Multi tree column option #232

MattHalpinParity · 2023-10-26T10:41:27Z

Issue #199
This introduces a multitree option for columns with related tree commit operations as well as querying functions.

…e tree insertion work with commit queue.

…tables to empty.

…sed node sharing.

…built using that tree by deferring the removal.

…been enacted

cheme · 2023-10-30T11:01:55Z

I started looking at the PR, but it is big a big one (I did not look at the bench part yet), so I am summing up here my initial questions.

TreeViewer and defer mechanism. I am not too sure if strictly needed, but I would probably prefer it to be in a follow up PR (even in a different version).
Reference count cache. Samish, having it in a different PR could be good. Otherwhise, is there a risk it takes too much memory (
I mean should be limited in size). Also would it be simpler to just use mmap over its file?
Reference count table. I am not sure why it is kept at Index table level, and not at Value table level. Having it at value table level would mean multiple file, but no reindexing.
Do all node need to be hash indexed (on paper I think only the root needs to be, but I am not to sure of the implementation in front, and it would mean duplicating a few branches)?
The FreeEntries struct looks like an optimization (I did not understand the use of ordered tree though), so may be possible to extract it to a follow up PR (just to reduce this PR size in this case). Also could be optionaly configured at a column level.
not a question, but generally there is many "assert" in code, I would suggest switching them to "debug_assert" or returning an error instead.

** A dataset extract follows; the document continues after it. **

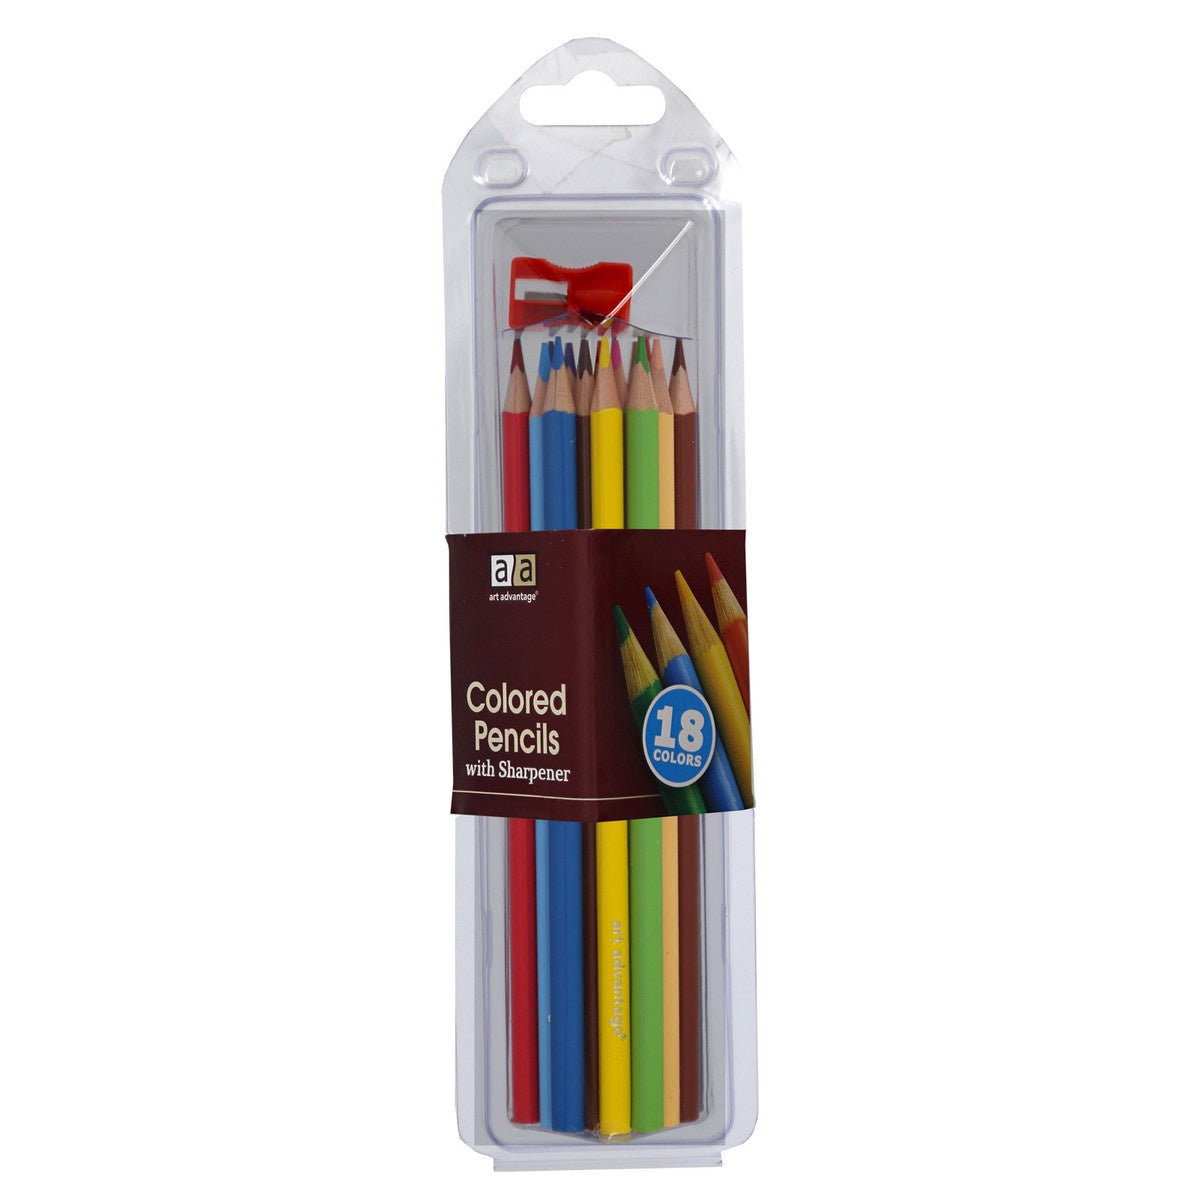 Coloring Books & Colored Pencils

MattHalpinParity · 2023-10-31T11:41:20Z

Thanks for the comment. Will try and answer.

I started looking at the PR, but it is big a big one (I did not look at the bench part yet), so I am summing up here my initial questions.

TreeViewer and defer mechanism. I am not too sure if strictly needed, but I would probably prefer it to be in a follow up PR (even in a different version).

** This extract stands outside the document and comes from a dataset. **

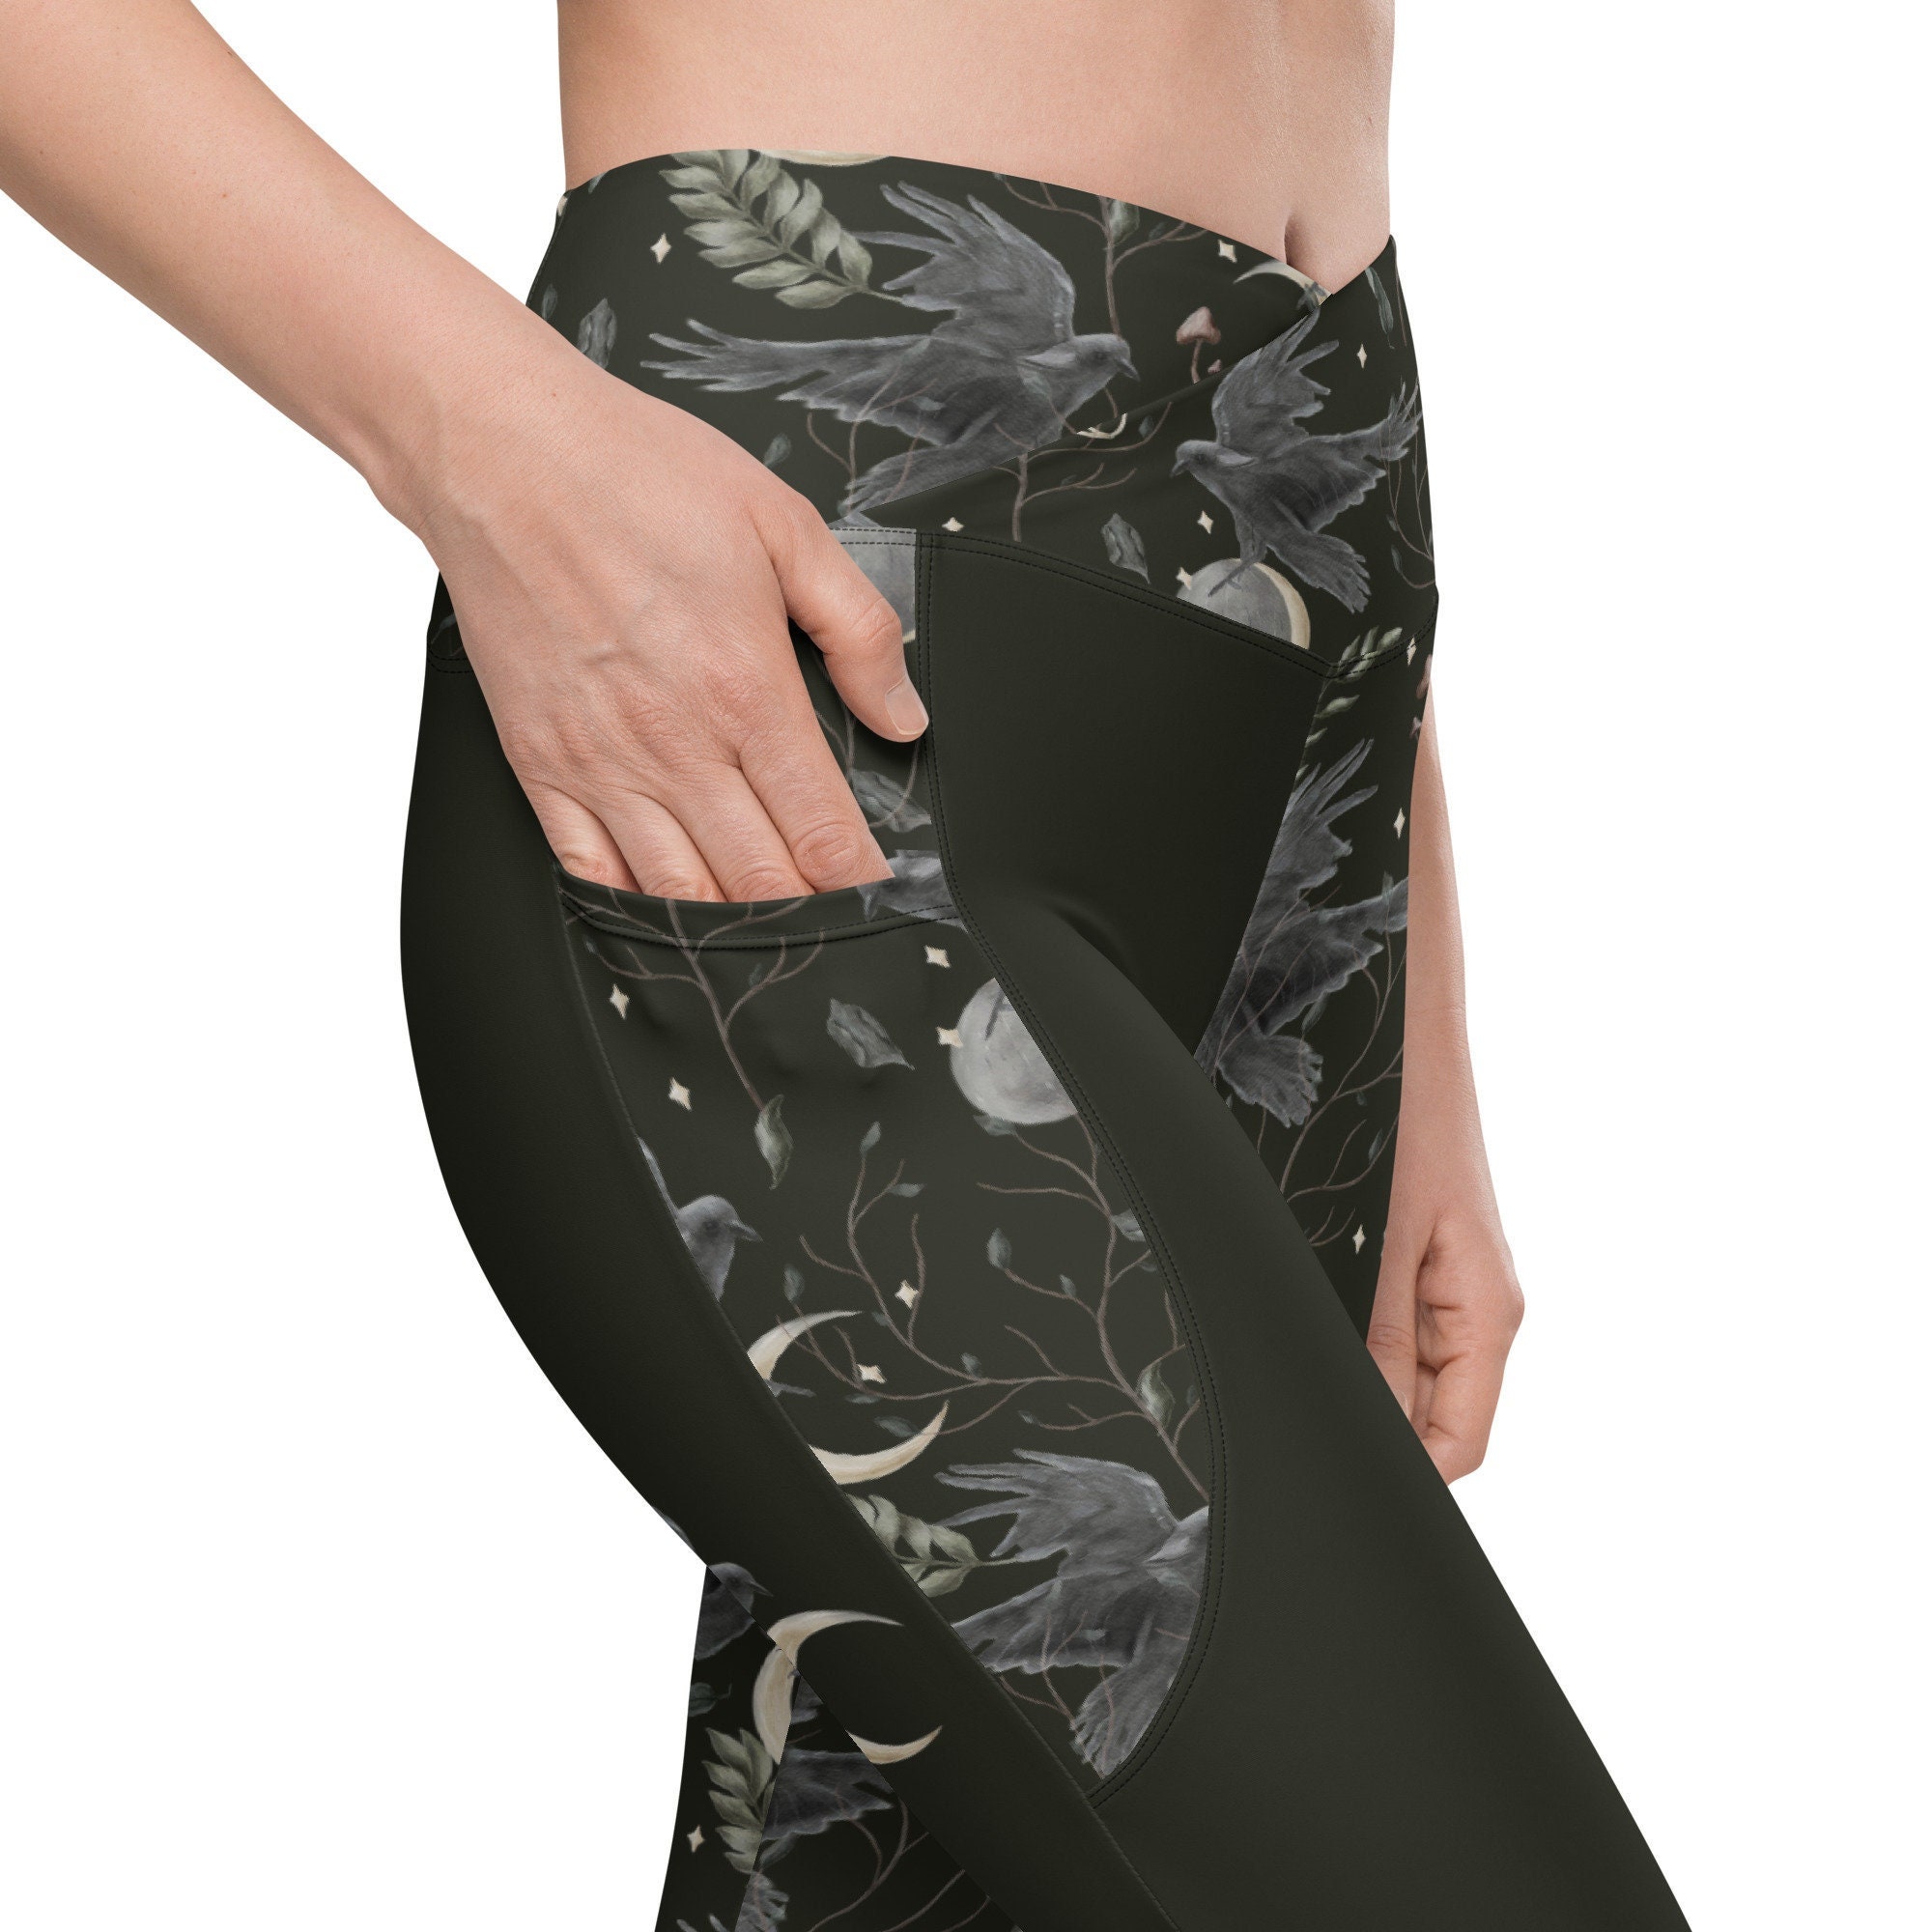 womens Giam XS Tall navy print leggings Polyester Spandex

The TreeReader stuff is there because we’re using Value table addresses directly as node addresses. Hence we need some way for a client to signal that it’s using nodes from an existing tree and the Db shouldn’t touch them (move or remove). This is what the TreeReader does.
The exception is if you’re in append only mode (eg, for an archive node). In this case you can access node addresses directly because they’ll never move.
The deferal happens if someone dereferences a tree that is currently being used by someone else to build a commit. We need to make sure the tree isn’t removed while it is being used.

Reference count cache. Samish, having it in a different PR could be good. Otherwhise, is there a risk it takes too much memory (
I mean should be limited in size). Also would it be simpler to just use mmap over its file?

The reference count table and cache are purely optimizations so yes could be in a separate PR. They only store reference counts > 1 so are expected to be sparse (most nodes have ref count of 1).
The cache is there because the table requires a search of a whole chunk to determine if a reference count is not there (which is going to be the most common case).
Certainly we will need to check the size of the cache is ok. Archive nodes won’t have any of this ref counting stuff as they’ll be in append only mode. So the ref count table will have to deal with the window of active trees in a full node.

Reference count table. I am not sure why it is kept at Index table level, and not at Value table level. Having it at value table level would mean multiple file, but no reindexing.

Yeah, this is just an optimization so we don’t have to store (and access) ref counts for most of the nodes at all. The first implementation just used the already existing ref counting that Value tables have.

Do all node need to be hash indexed (on paper I think only the root needs to be, but I am not to sure of the implementation in front, and it would mean duplicating a few branches)?

Only the roots have entries in the index table.

The FreeEntries struct looks like an optimization (I did not understand the use of ordered tree though), so may be possible to extract it to a follow up PR (just to reduce this PR size in this case). Also could be optionaly configured at a column level.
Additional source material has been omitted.